En route to Eva’s car, we walked by David, my adoringly nosey concierge, who per usual was manning his desk. He looked up, eyes bulging, “Ohhh my man meat, Mademoiselles’, I swear you tempt me straight – naughty little divas, where are you off to this evening?” His hand flared up through the air conditioned air.

“You think you could handle this?” Loving the attention Eva swooshed her hands down her hourglass figure, kicked up her right foot and threw back her long hair.

Honey…, – if I can handle ‘Mr. You Know Whoooo’…,” his excitement ballooned pointing up towards the the direction of Penthouse 1401; the one was where Mr. Sugar Daddy resided. “Well, let’s just say I’d make some memories happen for you too,…girl.” He shifted his finger to point directly at her, his other hand landing flamboyantly on his hip.

“Ayyyy dios mío, Señor,” she fanned herself like a Geisha, “why go out when we can have it all here in Layla’s front doorway?”

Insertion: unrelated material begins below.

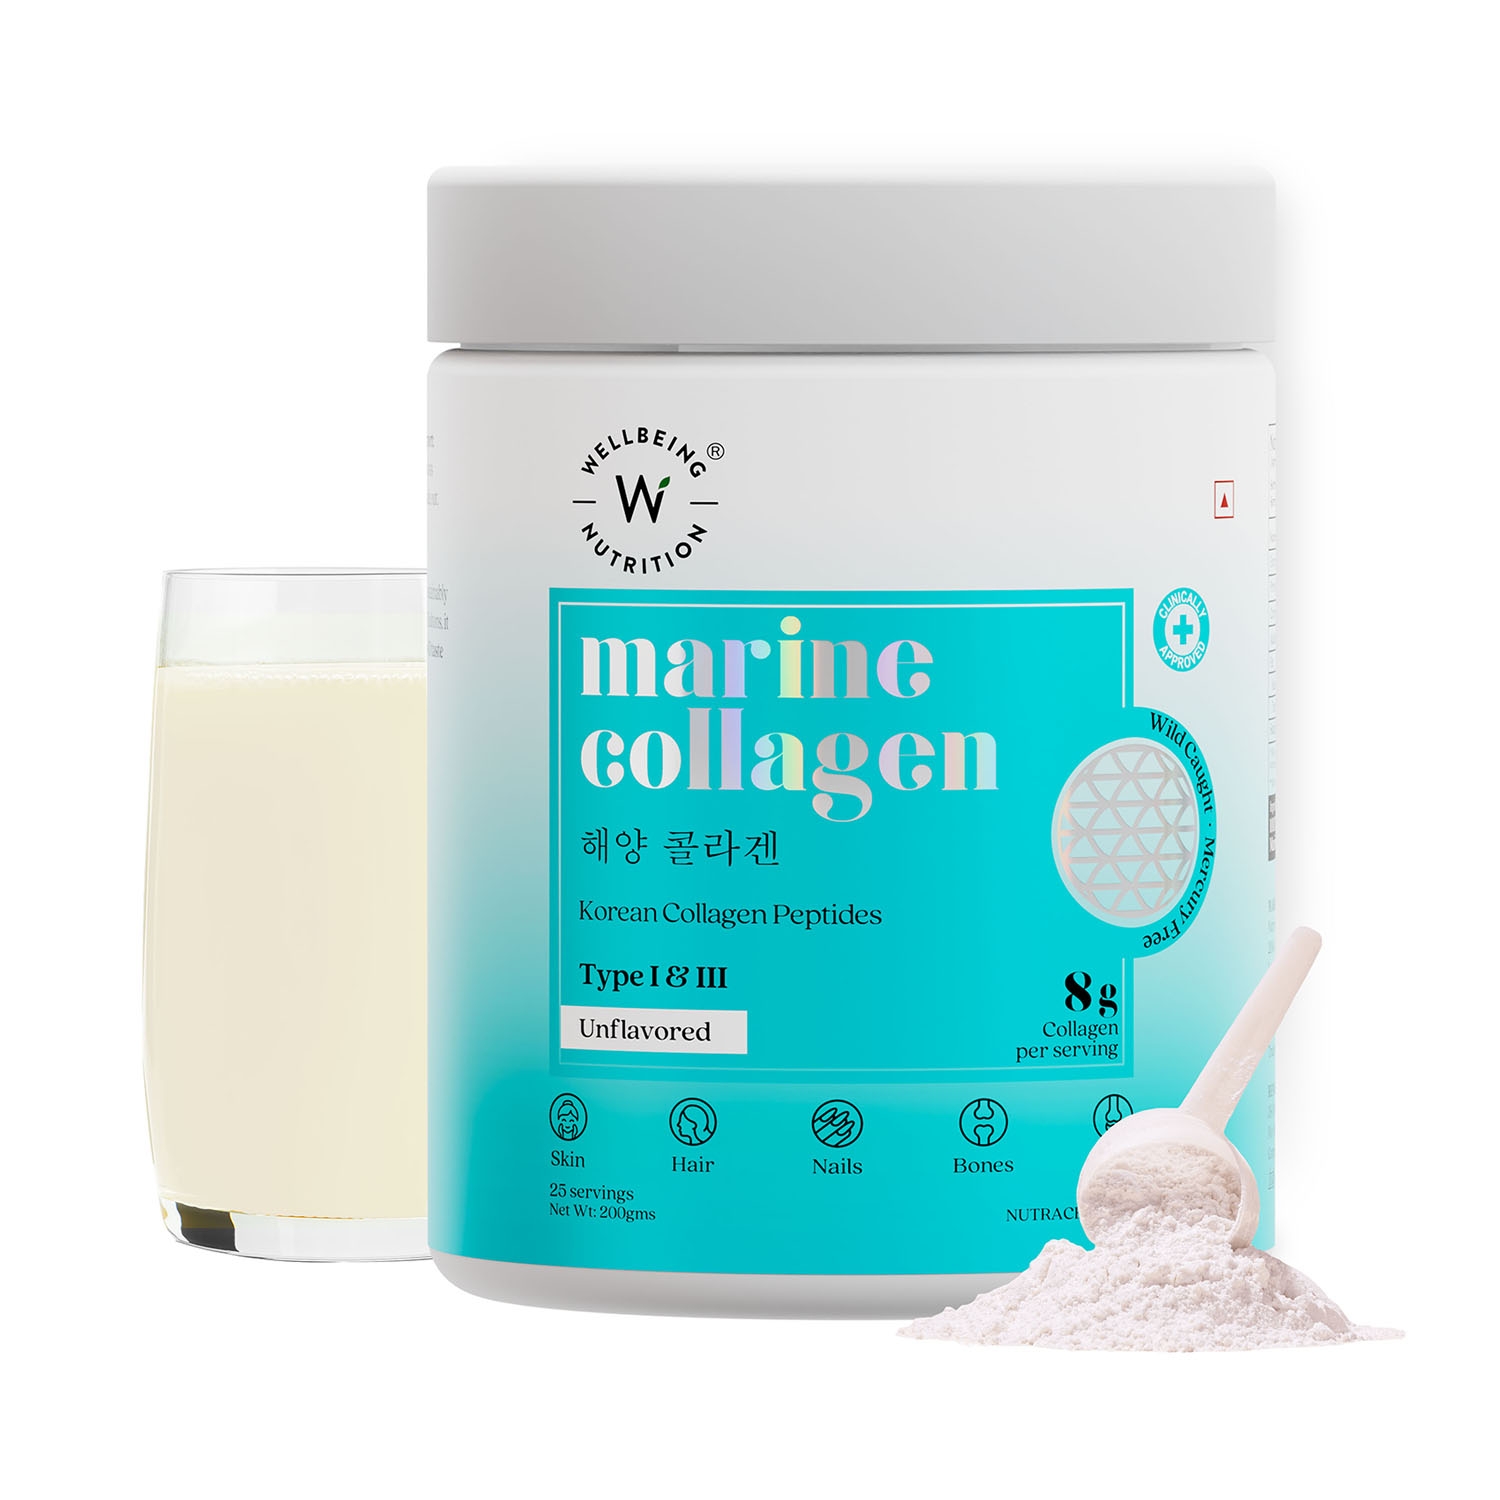 Wellbeing Nutrition | Wellbeing Nutrition Pure Korean Marine Collagen Peptides and Amino Acids for Beauty, Bone & Joints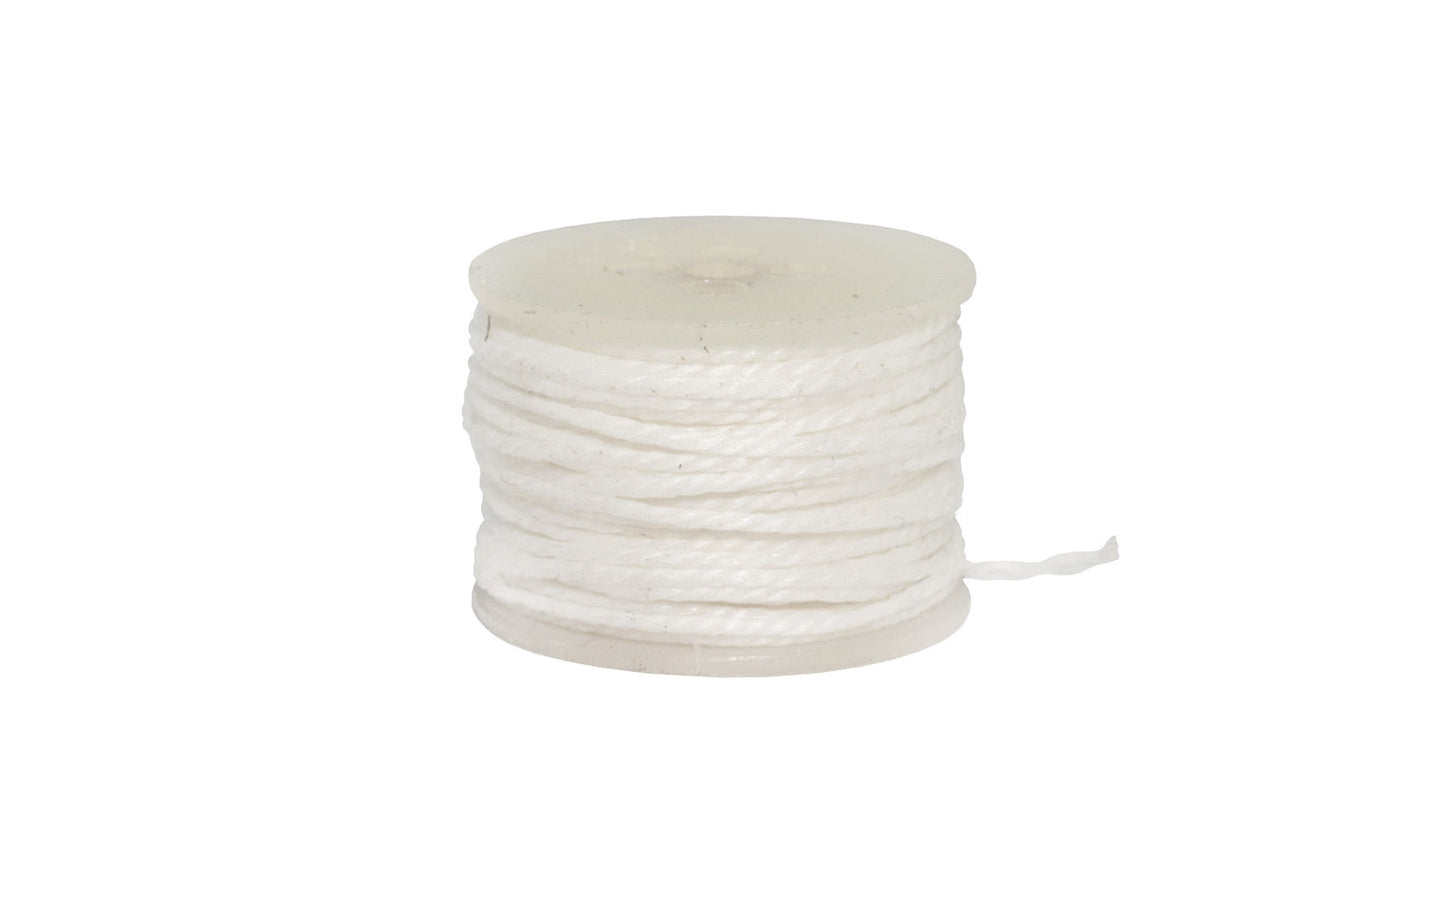 CS Osborne Waxed White Thread ~ 12-1/2 Yards Length - 413R W - Made in USA - Excellent for sewing & repairing leather, canvas, & similar materials - 0.27 mm (0.01") Diameter - White color - Waxed polyester thread - Model No. 413R W ~ 096685621869

“I couldn’t agree more – let’s stay home!” I retorted.

“Not a chance.” She laughed pushing me along towards the door.

“See you later David,” I dragged, “– enjoy your evening! Make sure GQ is taking care of you. You deserve the best!”

“But of course he is,” he flashed us a fancy watch that must’ve been a recent gift. “Night gals!”

“Beautiful watch!” Eva exclaimed over her shoulder.

“Isn’t it though?” He admired it lovingly.

“Night David,” we said in unison heading out the door towards our L.A. limelight night.